I love this story - and I feel extra cool because I got to hear it read to me by the author. :) Seriously, you were very adventurous to do this!
Oh, Shauri. Thanks for a great laugh. I'm glad you made it home safely.
I have had a horrible, no good, rotten week and I needed this laughter. It was cleansing. Thank you and welcome home.
I only tried out a massage one time, and felt similarly violated - and that was here in the U.S! :)My hubby talked me into it, as he is a big fan, but I just wasn't feelin' the love! The funny thing is that your brother's views on being "manhandled" is exactly how David feels - he WILL NOT have a guy masseuse! (I had to laugh at reading about their similar phobias!) But, as for me, I think I'm steering clear for awhile - no "massage-y" here, thanks!
I so needed a good laugh today and you my dear, know how to spin a funny tale! On the bright side, at least your skin is silky smooth.
PS-Happy Birthday. You look so great in all of the pictures in Australia!

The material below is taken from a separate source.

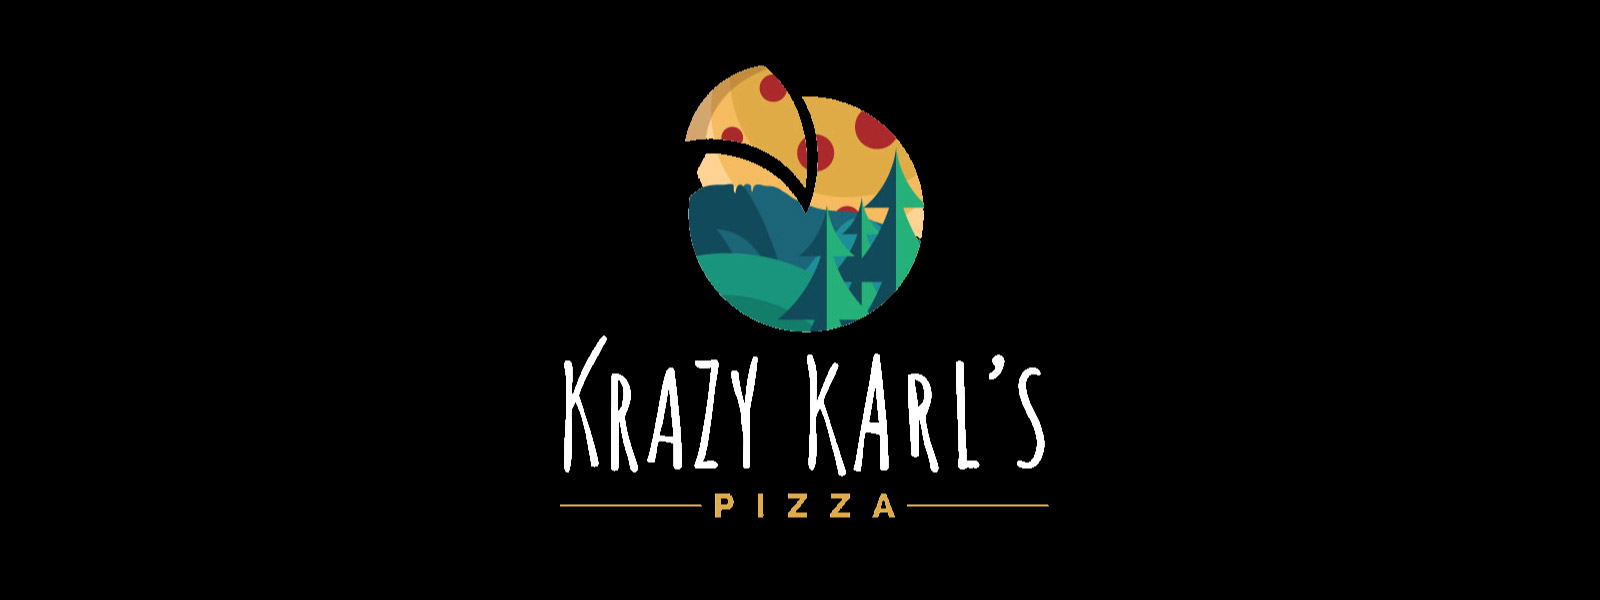 Krazy-Karls-header

How fun to come home from Darwin and get to read all of these posts. I was especially glad for them because when I walked in the room you stayed in to put my computer on the desk and my suitcase away, I felt very sad to open the closet and have your clothes gone. Also, I'm so glad that your birthday was one that you enjoyed. I know we all enjoyed it too. I love you and miss you.
Oh I am laughing so hard! You have so many great adventures.
OMG...I cannot stop laughing! I love when experiences like this happen to other people besides me. And I just love the way you tell a story. Kudos for being so brave and not walking away. I'm sure I would have left halfway through all that. At the very latest :-)
My sides are aching - that was so funny!
Hi Shauri, OK, I check in on your blog every now and then to keep tabs on the DC crew. And I can honestly say that I have NEVER, EVER laughed so hard in my entire life. Sorry the massage didn't go, um "as planned" but it's a pretty interesting story nonetheless. Glad you're doing well! Take care!
i'm crying tears of laughter. thanks for the account of your korean adventure.
That's hilarious! I love reading your blog, Shauri.